Running load tests against the platform to simulate BFCM peak traffic levels
Scaling down core platform to regular baseline
Analyzing the results and discussing our findings
Making iterative performance improvements, and repeating this process several times throughout the year.

The Shopify architecture is comprised of a hybrid model with a monolithic ruby application in the center (Shopify Core) that’s supported by a variety of services including Storefront Renderer (responsible for serving HTML to browsers and some storefront API traffic), our analytics pipelines, fraud analysis pipelines, payment processing infrastructure, webhook-sending services, and many more. As one can imagine, there are many different systems involved that receive traffic when a buyer browses a storefront, adds items to their cart, enters their shipping and payment information, and ultimately completes their purchase via checkout. When we generate BFCM level load against the platform, we need to be cognizant of which components need to be scaled up (and how high) to support this load.

Scaling Up

In 2022 we were determined to perform more of these full-scale tests than we did in 2021 with the goal of making them as much of a non-event as possible. We started planning for our first tests for the year in February by analyzing our numbers from 2021 BFCM including the number of instances we had running of the various components of Shopify Core and our other related applications, as well as revising some of the results of our 2021 scale tests.

After we had devised our plan for how we wanted to scale up, our next steps were to work with our cloud vendor to ensure that we could secure the number of desired virtual machines for the first scale test date. One of the challenges encountered when operating large-scale cloud infrastructure is that cloud providers also only have a finite number of resources available at any given time, and making a request for scaling up an already-large footprint by 200 percent is something that needs special attention.

Our scale up strategy evolved from years of observing how the platform as a whole behaves at scale and which components are necessary to be scaled up for load testing. For example, our nginx request-routing tiers that sit downstream of our core platform must be scaled up prior to these BFCM Scale Tests to accommodate the high level of traffic we generate. Similarly, upstream components of Shopify core such as our ProxySQL tier and our global Key/Value store need to be scaled up as well ahead of any large-scale testing.

When coordinating these BFCM Scale Tests, it’s a multi-team effort. Some teams scale up their associated components the day before testing as they may require more time, and other components scale up only on test days to help keep costs down.

On the day of each BFCM Scale Test, we scale up the remaining components to their full scale profiles, and they remain in this configuration for the duration of the test exercise that day, usually lasting several hours. During (or shortly after) we’ve completed our full scale-up we occasionally encounter issues that arise from operating at this scaled up profile without any additional load on the system. Identifying these issues now (rather than during BFCM) is a key part about why we do these exercises early and often. These issues have included themes like:

The increased number of connections resulting from an increased number of Storefront Renderer instances running to an upstream application is overloading the upstream application even at idle platform load.
An increased number of Shopify Core replicas is creating extra pressure on our streaming infrastructure due to an increased number of connections.

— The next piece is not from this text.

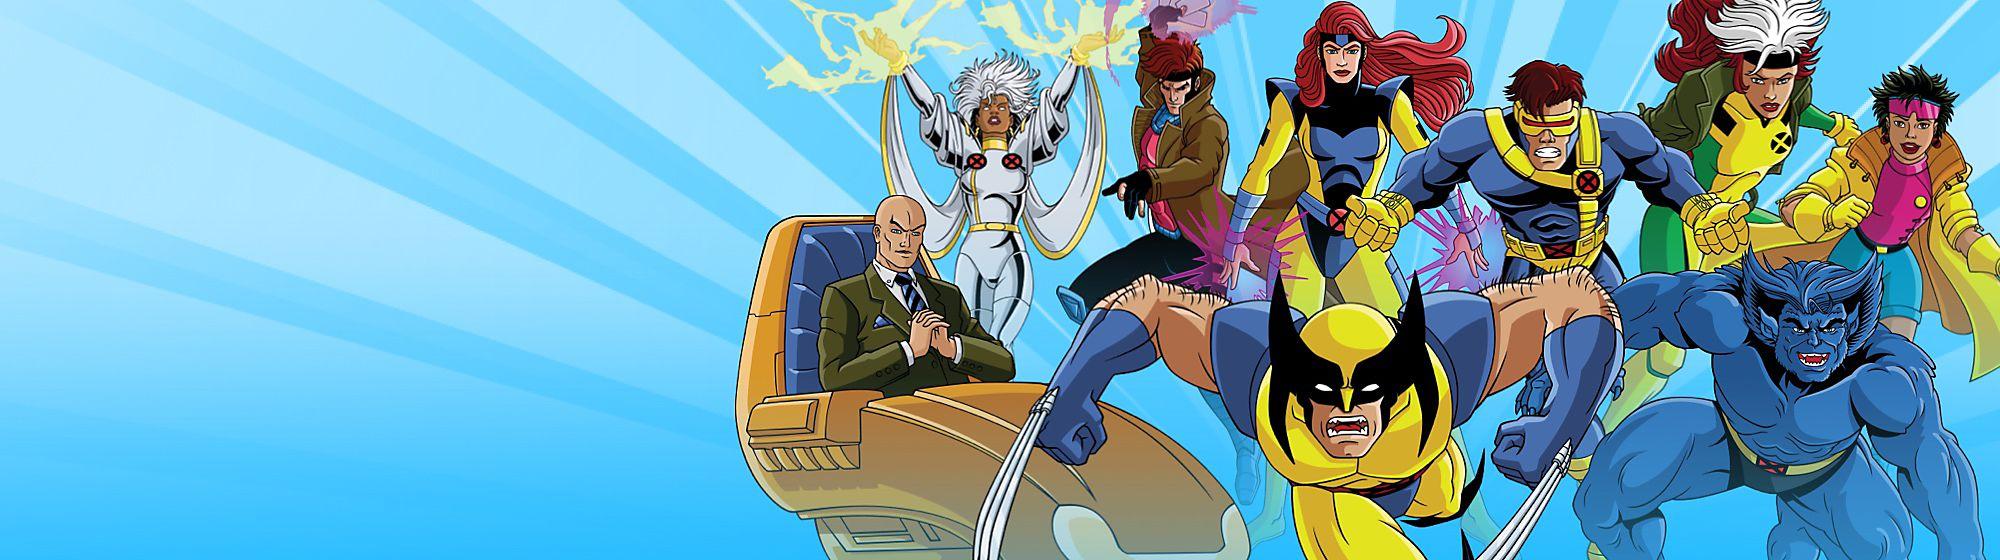 X-Men Deja que el escuadrón de mutantes suba tu look de nivel con nuestra colección de ropa, accesorios y más.

In cases where we’ve experienced these connection-count based issues, we’ve sometimes been able to scale up dependent services to cope with the additional connections. Other times we’ve been able to avoid the source of contention by refactoring parts of the architecture and introducing intermediary software to multiplex these connections.

Running Load Tests

After we’ve completed a full scale up and the platform is stable, we begin initialization of our load tests. This year we used a suite of five main tests with each simulating a different class of load against the platform:

Browsing and buying flow: This flow simulates users browsing storefronts, adding products to cart, and checking out via a mock payment gateway with test credit card details.
Admin flow: This flow simulates merchants loading and making changes on their store’s admin portal—things like checking inventory and updating product prices.
Flash sale flow: We have a dedicated flow that simulates a flash sale—this flow results in a burst of storefront activity while simulated users purchase a single product.
Storefront API flow: With the increasing adoption of Shopify Hydrogen, we wanted to ensure that our APIs powering this new technology were ready for increased traffic. This flow simulates API calls that a headless Shopify store makes when users are browsing and checking out on a headless shop.
Hydrogen and Oxygen flow: This flow simulates users browsing and checking out via a real headless storefront powered by Shopify’s hosted Hydrogen and Oxygen offering.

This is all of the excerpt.